Я очень истратился деньгами. По приезде тотчас купил чемодан, заплатил 10 ас., купил тюфяк и одеяло, заплатил 10 ас., хозяйке отдал за месяц вперед 25 ас. Сапоги, которые мне сшил Осип, от московских мостовых в два дни разорвались, и я должен был сапоги заказать. Сапоги в Москве очень дороги: хорошие опойковые стоят не менее 12 ас. Мне сапожника привел Ефим, человек Ивана Николаевича, и я за сапоги заплатил 12 ас. Сшил себе демикотоновые панталоны: они мне стали в 8 ас. Купил себе бритвенный ларчик с зеркалом, с жестяною мыльницею, чернильницею, песочницею, ящичками для денег, бумаг. За сей ларчик я заплатил 4 ас. Купил бритву, заплатил 4 асю, купил ножичек, заплатил 2 ас., купил картуз, заплатил 3 ас. Вы не можете себе представить, что вышло на разные мелочи; например: я купил пару ваксенных щеток, ваксы, помады, гребень, гребенку, рейсфедер, бумаги, перьев, чернил и прочих необходимых мелочей, на которые довольно вышло денег. Притом же, приехавши в Москву, надобно было нанимать ямщиков, до тех пор пока не узнал хорошо улиц. Бывало, когда пойду пешком, то плутаю до тех пор, что зайду от цели версты за три. Притом же я купил себе довольно необходимых книг, например, "Арифметику" Войтяховского, за которую заплатил 2 ас., и несколько других учебных и французских нужных книг. За Никанорочкину1 книгу я заплатил 4 ас. Рублей с пять издержал дорогой. Притом же вы знаете, что Москва не Чембар, а я не монах, отчужденный от мира. По всем сим причинам у меня очень немного осталось денег, и я прошу вас всепокорнейше, сколько будет можно, прислать мне. По необходимости мне должно целый год жить на своем коште. Что ж делать: не я в этом виноват, а вы. Ежели по 15 ас. в месяц, то это в год составит 180 ас. да рублей 20 на сапоги. Меньше никак невозможно по московской дороговизне. Впрочем, я буду изыскивать все средства доставать деньги: буду искать кондицию, что по великому множеству студентов не весьма легко. Пожалуйста, пришлите поскорее помянутые мною два свидетельства: без них мне хоть умирать. Прощайте.
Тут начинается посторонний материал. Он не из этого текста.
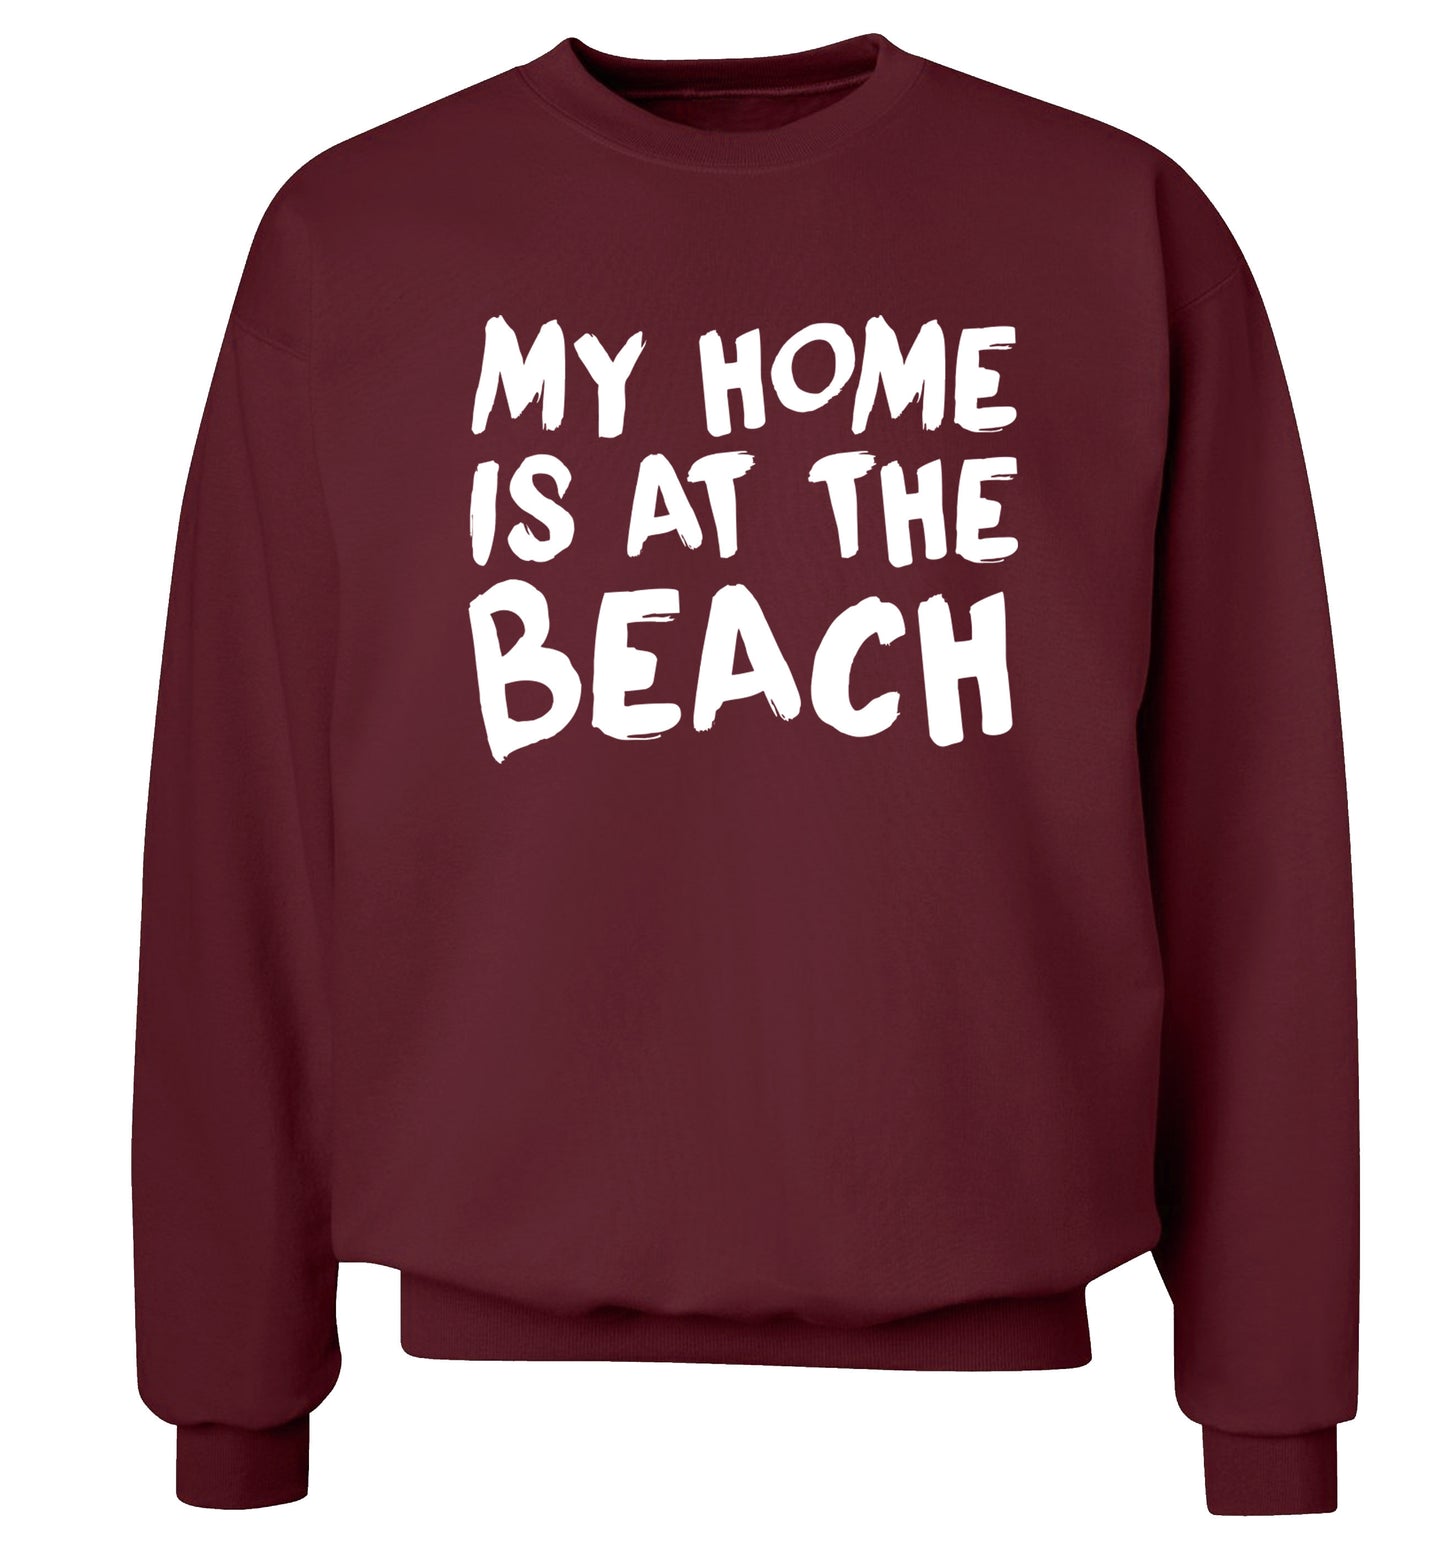 My home is at the beach Adult's unisex maroon Sweater 2XL

Будьте здоровы и счастливы. Остаюсь покорный сын ваш

Виссарион Белинский.

Любезный братец

Константин Григорьевич!

При всяком случае пиши ко мне, как можно больше: описывай все чембарские новости, свои занятия и словом всё. Скажи Никанорочке, чтобы он учился и не шалил, а то я возьму его в Москву и отдам в школьники, где его будут больно сечь. Если будет хорошо учиться, то буду посылать книги и другие гостинцы. Кланяйся от меня всем нашим. Смотри, пиши же, да больше: ты мне этим много доставишь удовольствия. Прощай! Любящий тебя брат твой

В. Белинский.


4. Г. Н. и М. И. БЕЛИНСКИМ

26 30 сентября 1829 г. Москва.

Любезные родители:

папенька Григорий Никифорович

и маменька Марья Ивановна!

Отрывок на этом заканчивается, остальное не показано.